Книга Давид против Голиафа, страница 51. Автор книги Гейдар Джемаль

Разделитель для чтения книг в онлайн библиотеке

Онлайн книга «Давид против Голиафа»

Cтраница 51

Мы упоминали о том, что приходящее революционное послание накладывается на уже существующее мировоззрение, и возникает смешение. Последние две тысячи лет послание, принесенное в мир Иисусом Христом, послание, принесенное в мир пророком Мухаммадом, да будет мир над ними обоими, накладываются на греческую философию, которую увенчивает концепция имманентного блага, совпадающего с идеей полного и неограниченного бытия. Эта концепция существует в своем пространстве, в пространстве онтологически ориентированной имманентистской метафизики. То, что говорят пророки, не имеет к этому никакого отношения. Усвоение платонизма и аристотелизма в традициях христианства и Ислама было одной из наиболее тяжелых методологических ошибок, которая увела эти традиции с подлинного пути и, возможно, стала причиной дискредитации теологии как таковой. Ислам принял радикальное решение: с определенного момента философская традиция там была просто исключена из религиозного контекста. Была традиция калама, опирающаяся на Платона и Аристотеля, до прихода монголов. Впоследствии было решено, что философия вообще не соответствует Исламу, не только Платон и Аристотель, но вообще весь метод. К сожалению, с водой выплеснули и ребенка из ванночки. Исламская цивилизация осталась без целого раздела духовной деятельности. Но это было радикальное решение.

В христианстве этого не произошло. В христианстве брак между эллинизмом и христианской церковной традицией оказался более тесным, и это привело, в конечном счете, к тому, что мы живем сегодня в постхристианском мире.

На этом я хотел бы закончить и предложить вам задать вопросы.


ВОПРОС. Скажите, что вы имеете в виду под этим соединением – христианства и эллинизма?

Гейдар ДЖЕМАЛЬ. Отцы церкви были платониками… Платонизм и аристотелизм как методология стали базой для христианского богословия.
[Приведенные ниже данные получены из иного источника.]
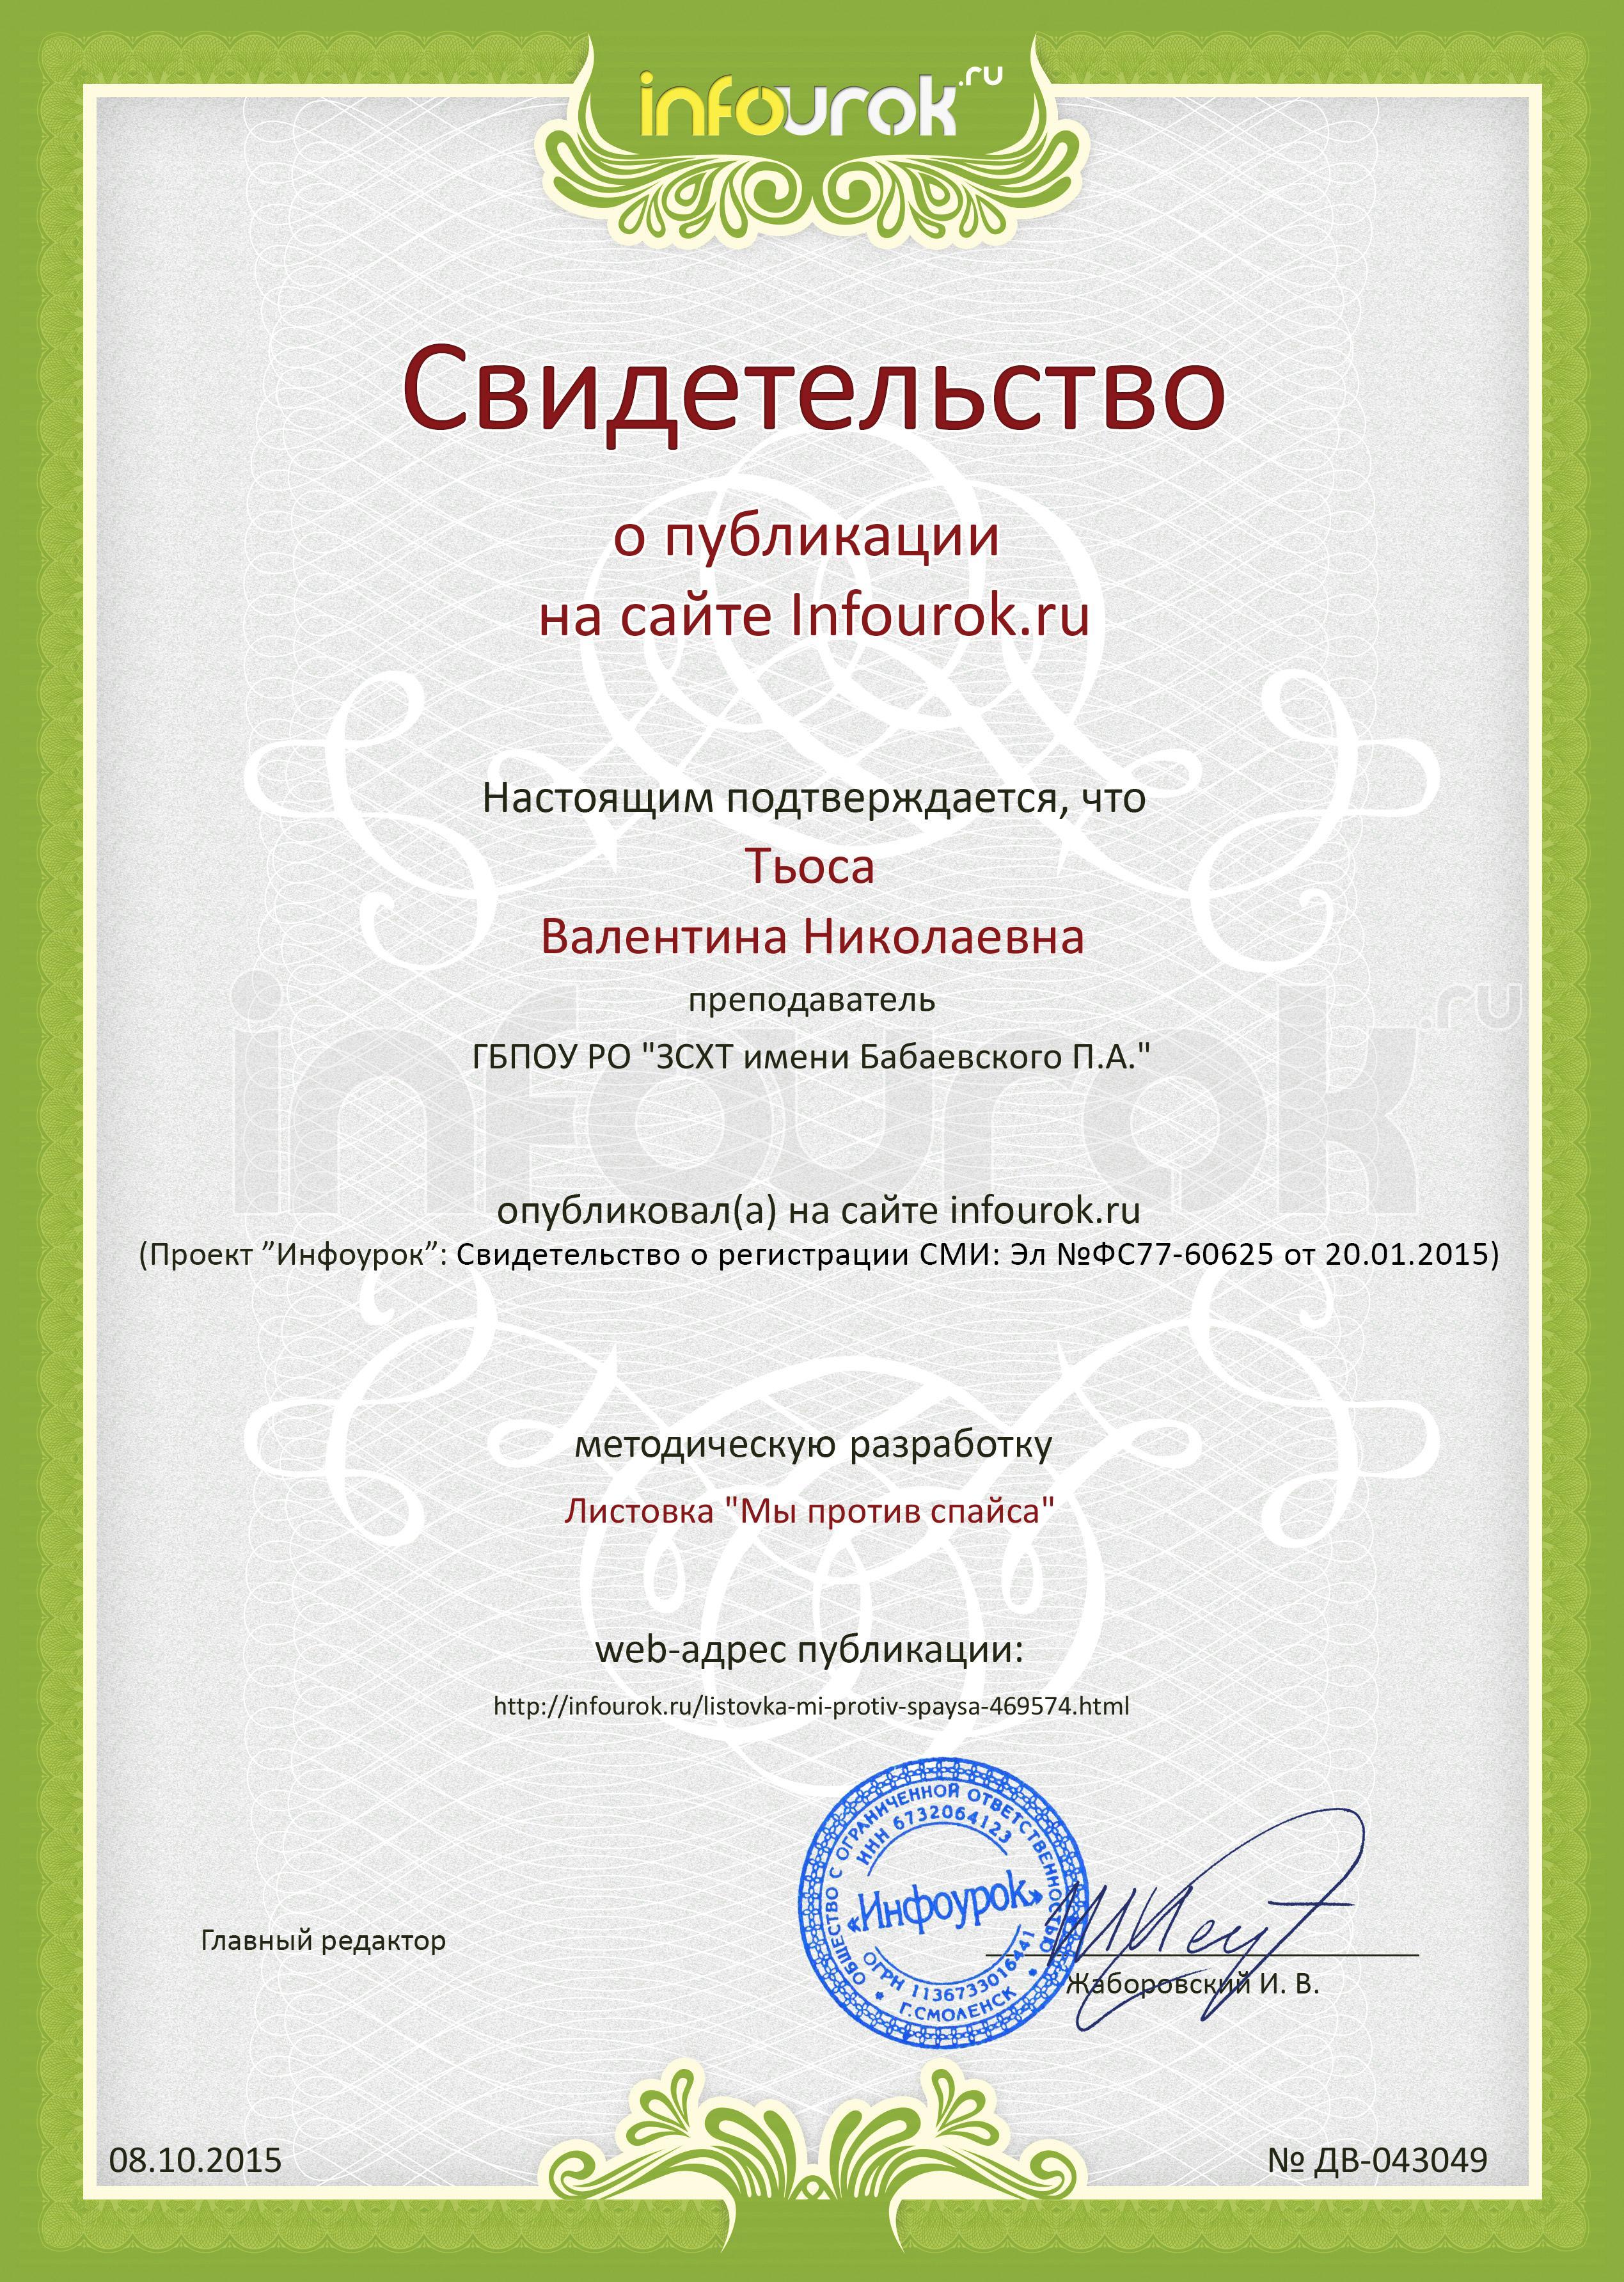 C:\Users\user\Desktop\награды\Сертификат проекта Infourok.ru № ДВ-043049.jpg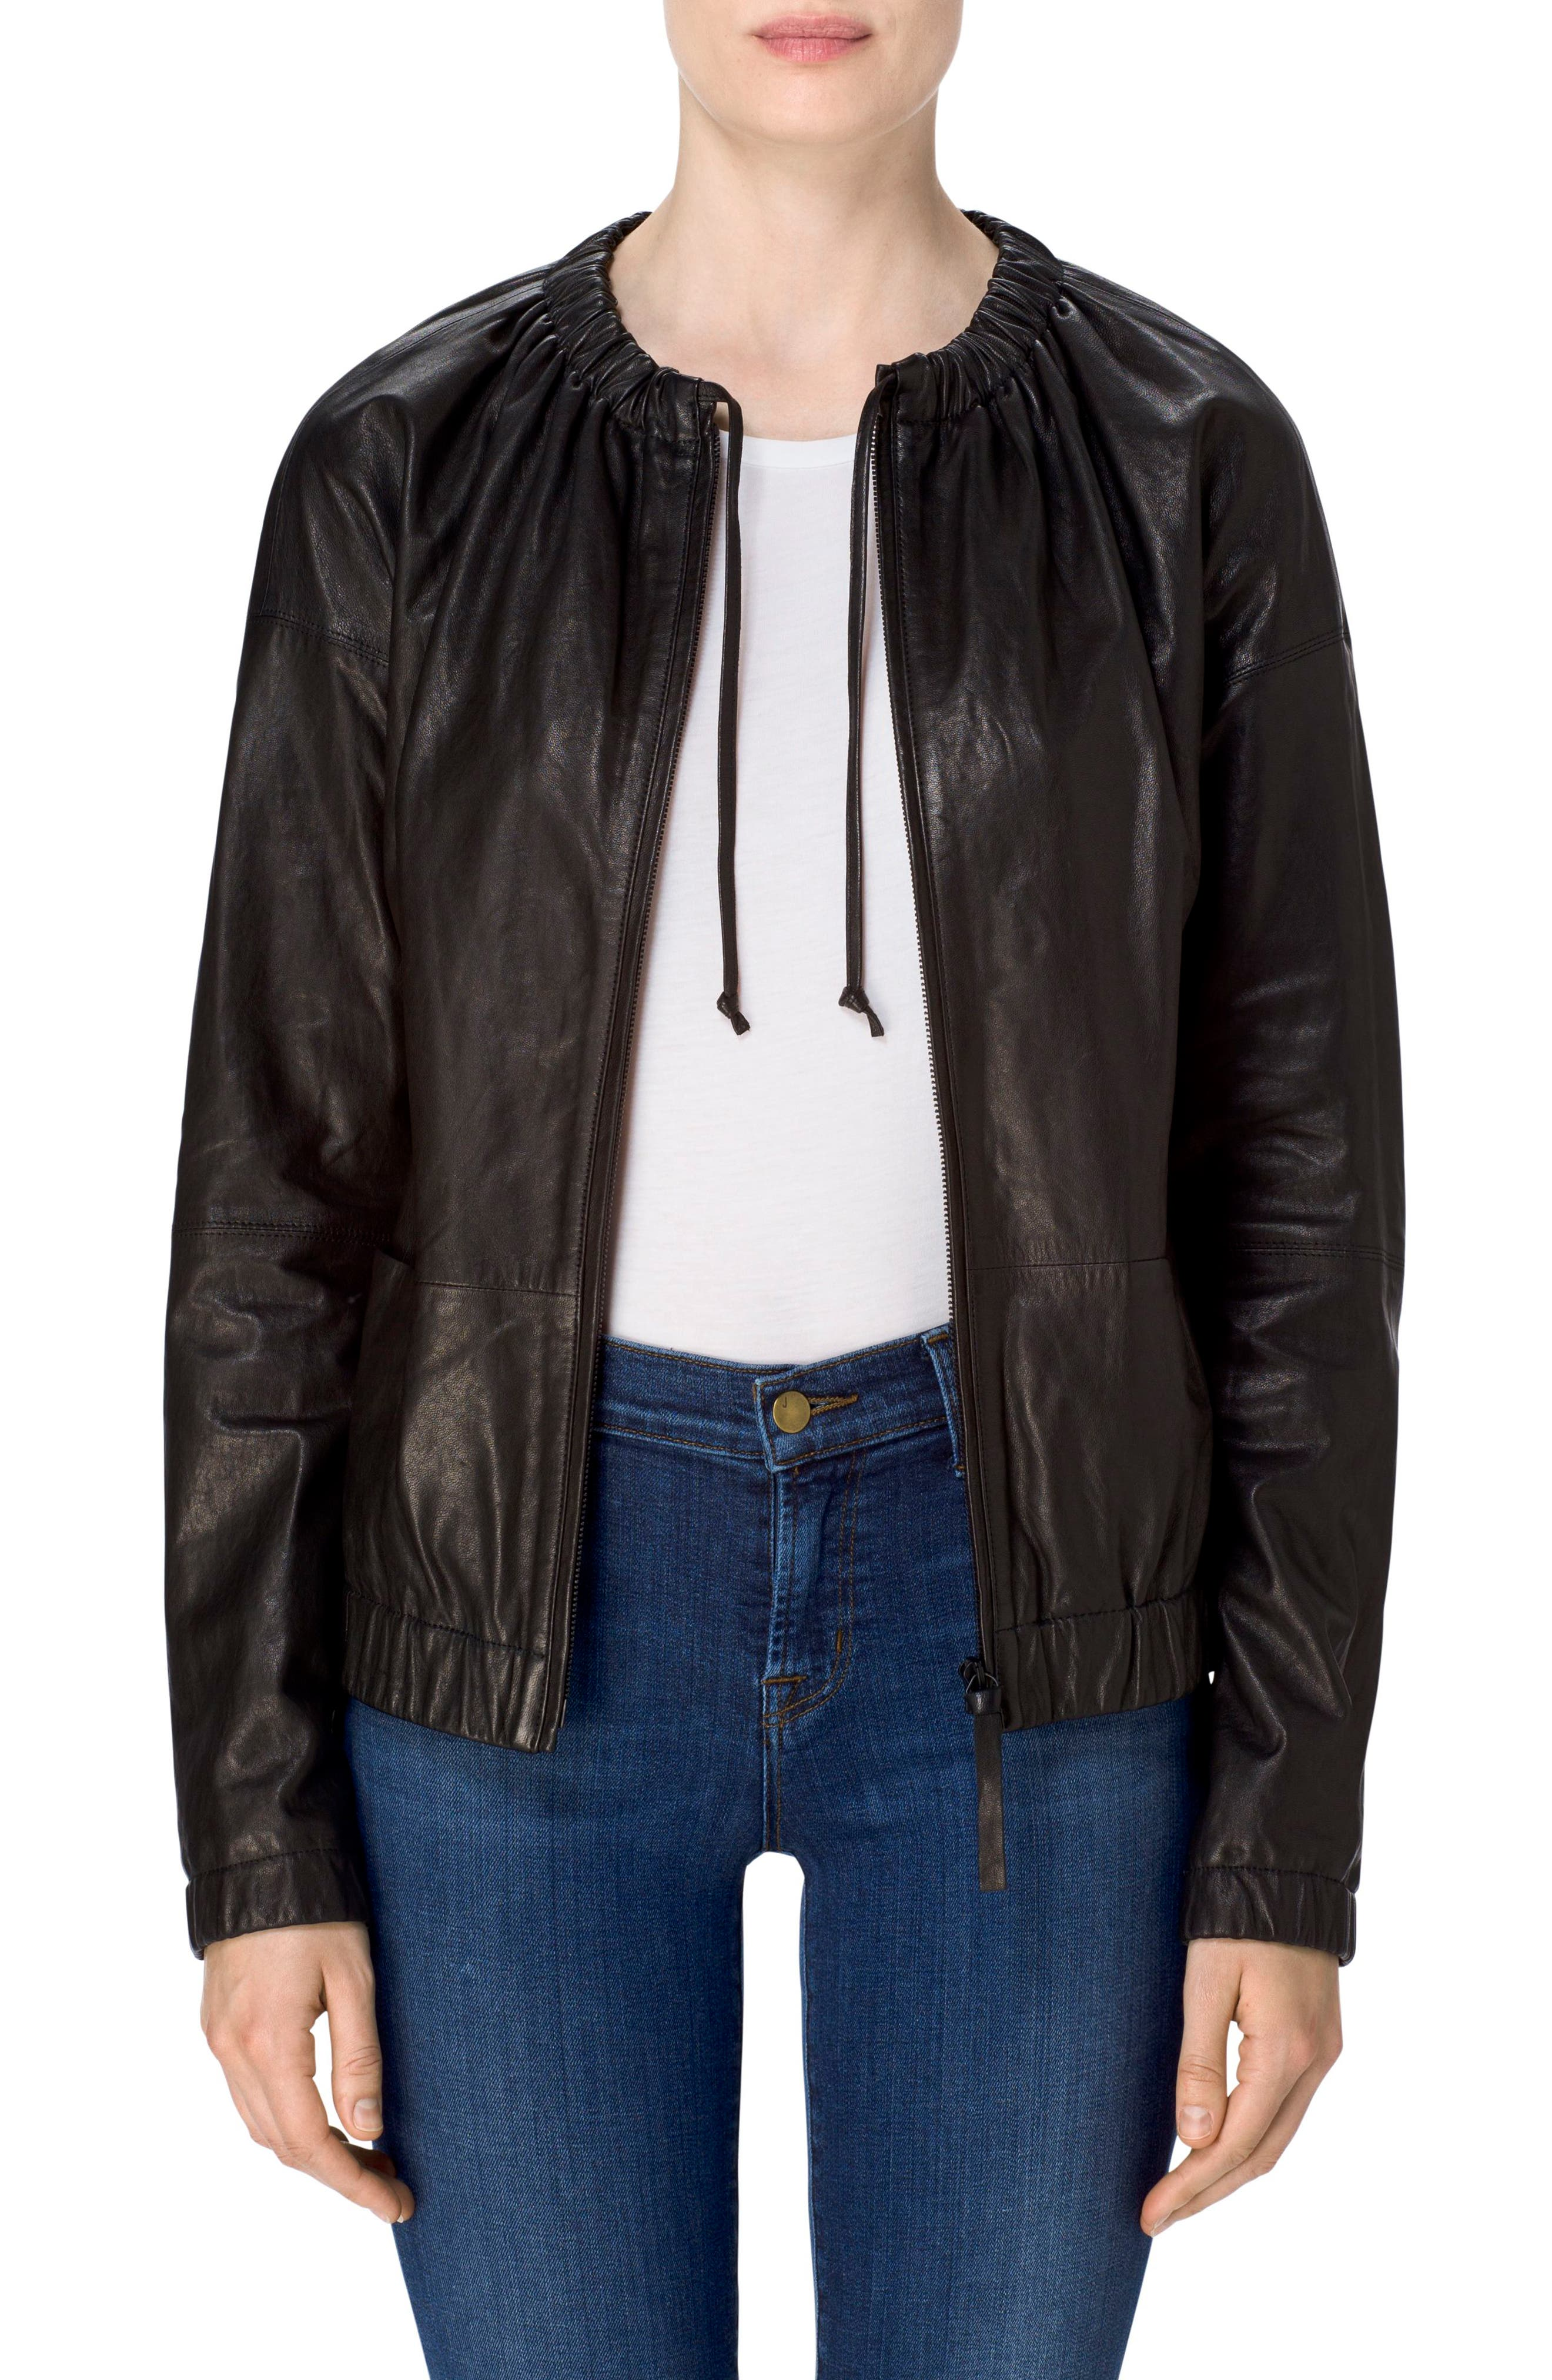 J Brand Baez Leather Bomber Jacket

Причем, Платон стал в большей степени базой для византийского богословия, а Аристотель – основой для богословия западного, католического. Фома Аквинский – это мыслитель, который в основу схоластической философии, до сих пор являющейся официально философией католической церкви, Ватикана, положил систему Аристотеля. То есть платонизм и неоплатонизм, несмотря на усилия отдельных теологов, считавших все это не соответствующим христианству интеллектуальным опытом, несмотря на их протесты и предупреждения, не были извергнуты как нечто чуждое пророческим традициям. И в результате мы живем сегодня в неоязыческом мире, где в своих правах восстановлены интеллектуальные и моральные ориентиры, характерные для дохристианского Рима.


ВОПРОС. Вот, Вы говорите о зле, – что есть какая-то сила, перед которой все бренно и все разрушается. Просто не очень понятно, что ее тогда может победить?

Г.Д. Это центральный вопрос. Парадокс именно в том, что, пророки говорят: «Да, это тотальная сила, которая является злом, и как будто не имеет ограничений, – будет побеждена», – она будет побеждена в такой эсхатологической перспективе, когда одна реальность, в которой мы находимся, не социальная, не политическая, вообще, не человеческая, но реальность тотальная, реальность неба и земли будет сметена, заменена на другую; придет нечто совершенно другое, другая реальность. И более того, пророки говорят, что царство Бога грядет, оно придет, оно сменит то царство, в котором до поры злу попущено властвовать. Такая формулировка о сатане: «попущено искушать».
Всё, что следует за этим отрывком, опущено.